Pullen Kristi E, Ng Ho-Leung, Sung Pei-Yi, Good Matthew C, Smith Stephen M, Alber Tom
Department of Molecular and Cell Biology, 339 Hildebrand Hall #3206, University of California, Berkeley, Berkeley, CA 94720, USA.
Structure. 2004 Nov;12(11):1947-54. doi: 10.1016/j.str.2004.09.008.

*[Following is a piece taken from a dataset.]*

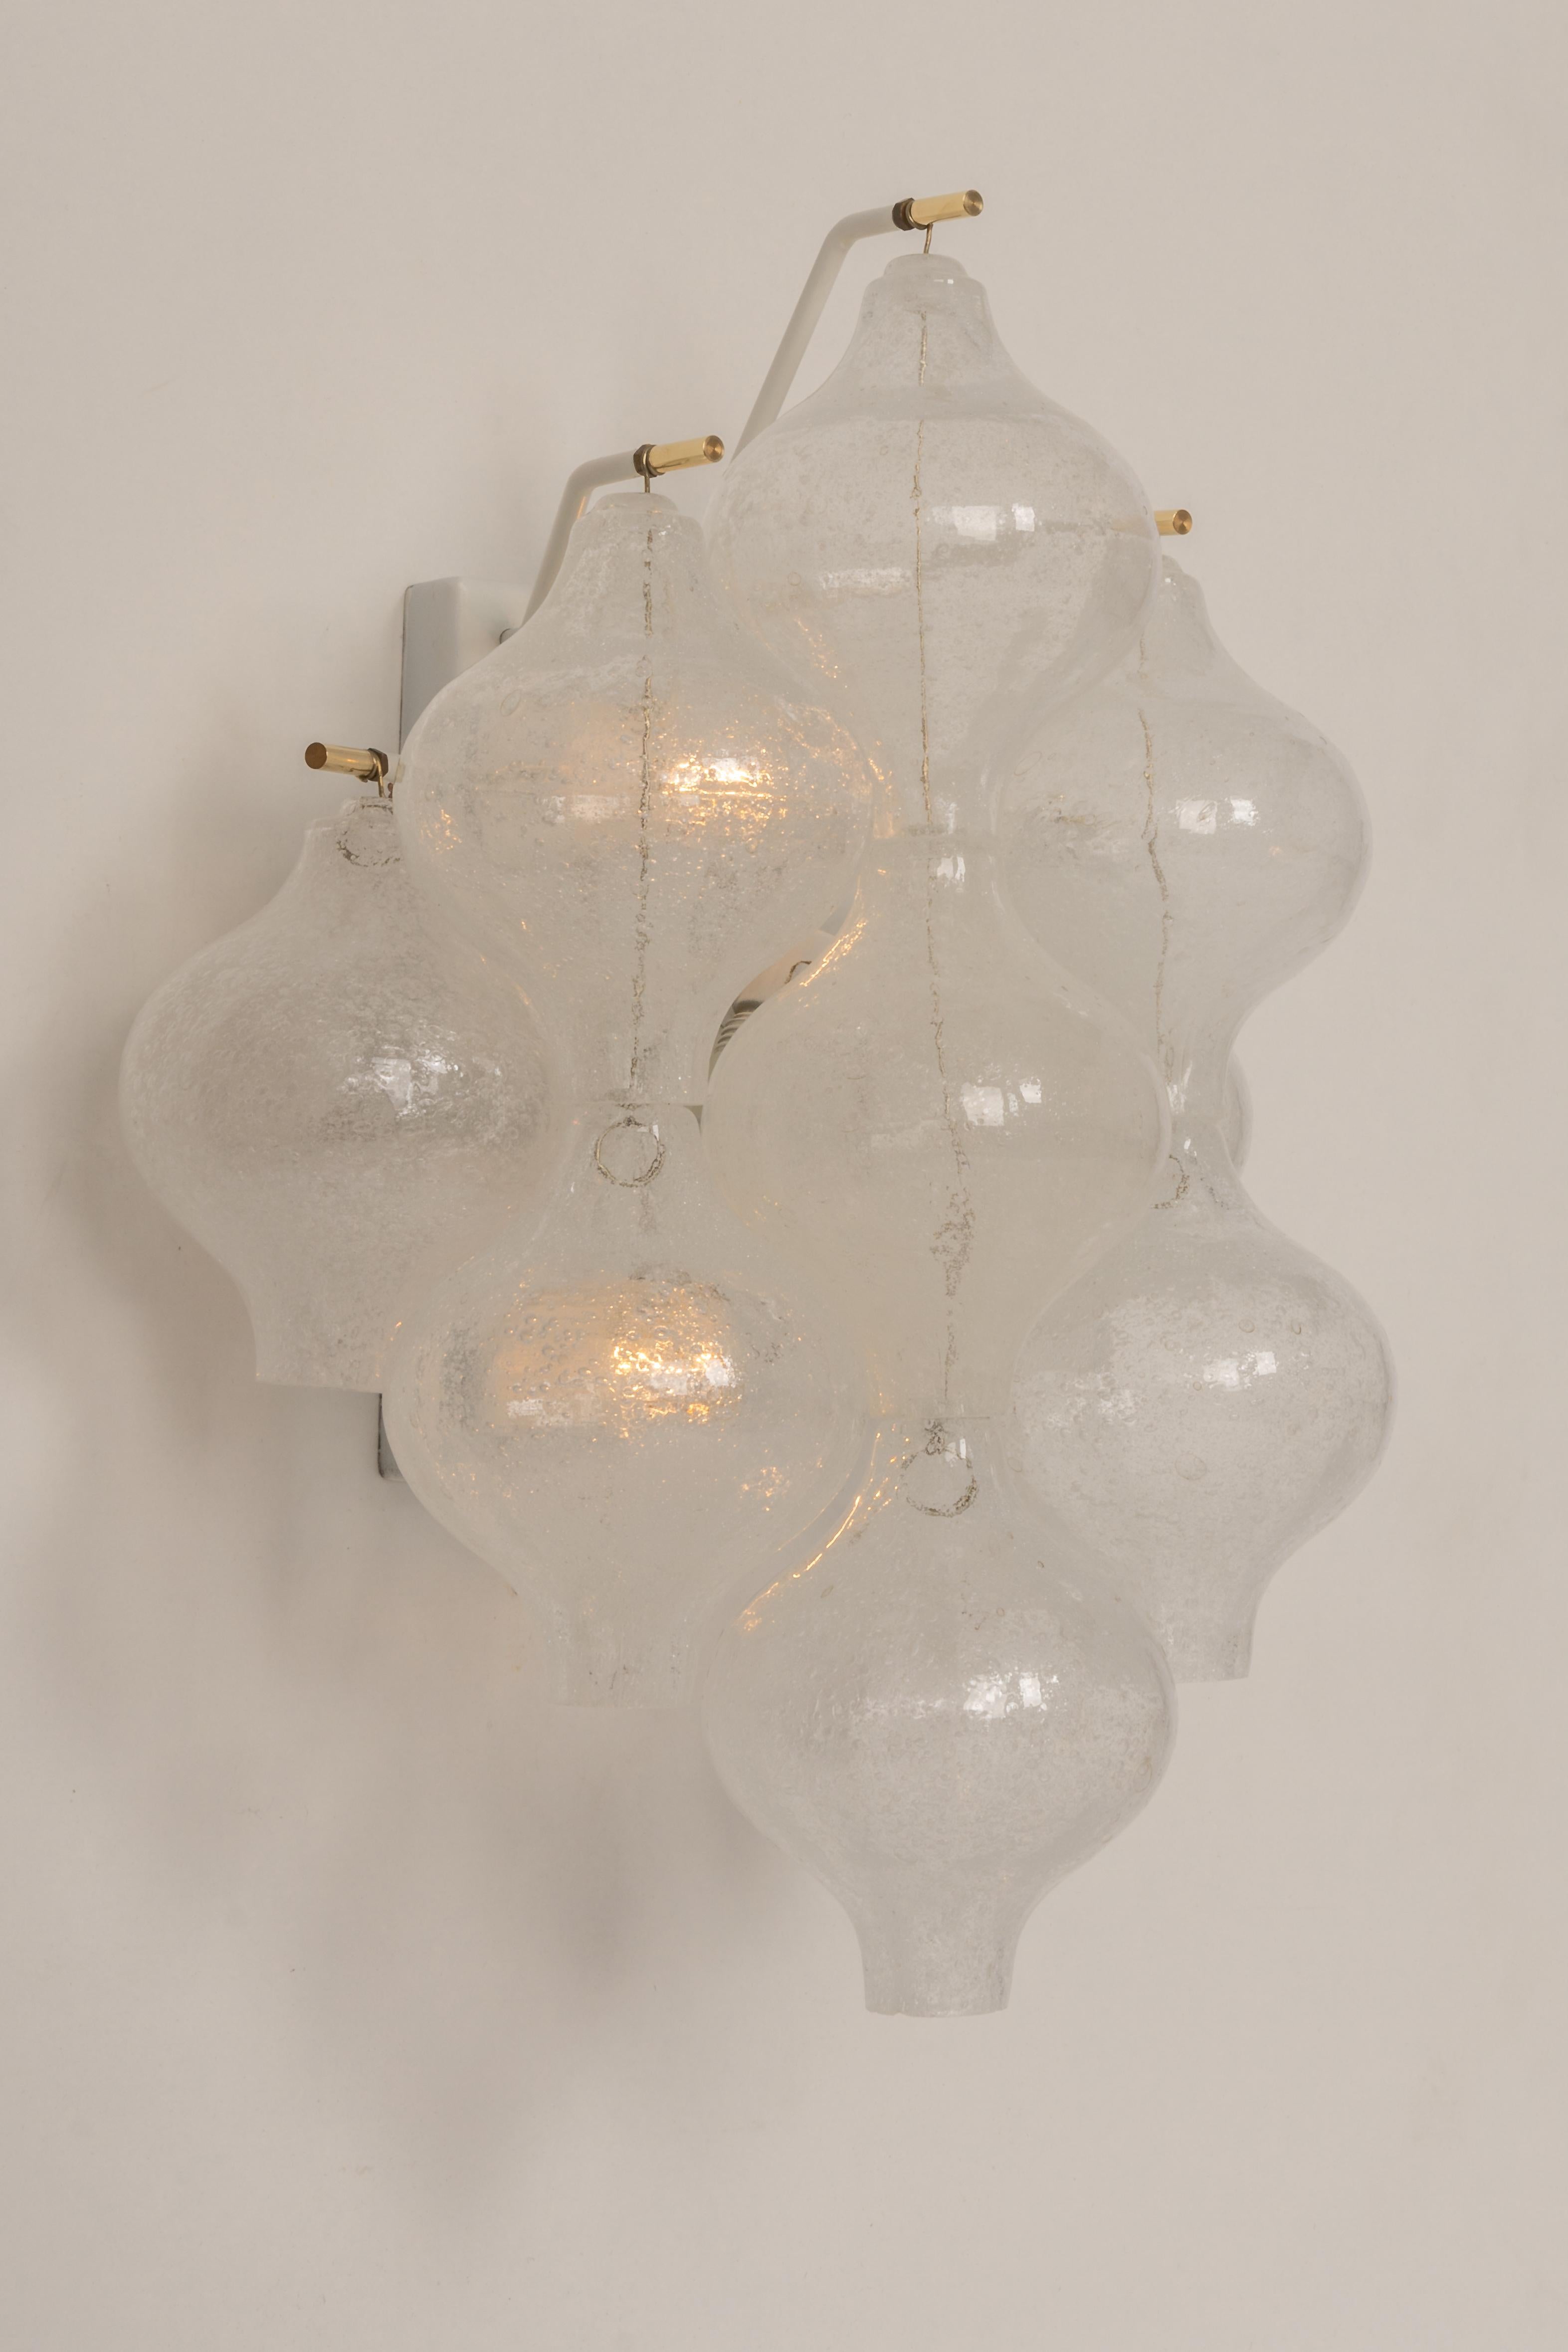 Murano Glass 1 of 3 Pairs of Kalmar 'Tulipan' Sconces Wall Lights, Austria, 1970s For Sale

Serine/threonine protein phosphatases are central mediators of phosphorylation-dependent signals in eukaryotes and a variety of pathogenic bacteria. Here, we report the crystal structure of the intracellular catalytic domain of Mycobacterium tuberculosis PstPpp, a membrane-anchored phosphatase in the PP2C family. Despite sharing the fold and two-metal center of human PP2Calpha, the PstPpp catalytic domain binds a third Mn(2+) in a site created by a large shift in a previously unrecognized flap subdomain adjacent to the active site. Mutations in this site selectively increased the Michaelis constant for Mn(2+) in the reaction of a noncognate, small-molecule substrate, p-nitrophenyl phosphate. The PstP/Ppp structure reveals core functional motifs that advance the framework for understanding the mechanisms of substrate recognition, catalysis, and regulation of PP2C phosphatases.
丝氨酸/苏氨酸蛋白磷酸酶是真核生物和多种致病细菌中磷酸化依赖性信号的核心介质。在此,我们报道了结核分枝杆菌PstPpp细胞内催化结构域的晶体结构,PstPpp是PP2C家族中的一种膜锚定磷酸酶。尽管与人类PP2Cα具有相同的折叠结构和双金属中心,但PstPpp催化结构域在与活性位点相邻的一个先前未被识别的侧翼亚结构域发生大幅位移所形成的位点结合了第三个Mn(2+)。该位点的突变选择性地增加了非同源小分子底物对硝基苯磷酸酯反应中Mn(2+)的米氏常数。PstP/Ppp结构揭示了核心功能基序,推进了理解PP2C磷酸酶底物识别、催化和调节机制的框架。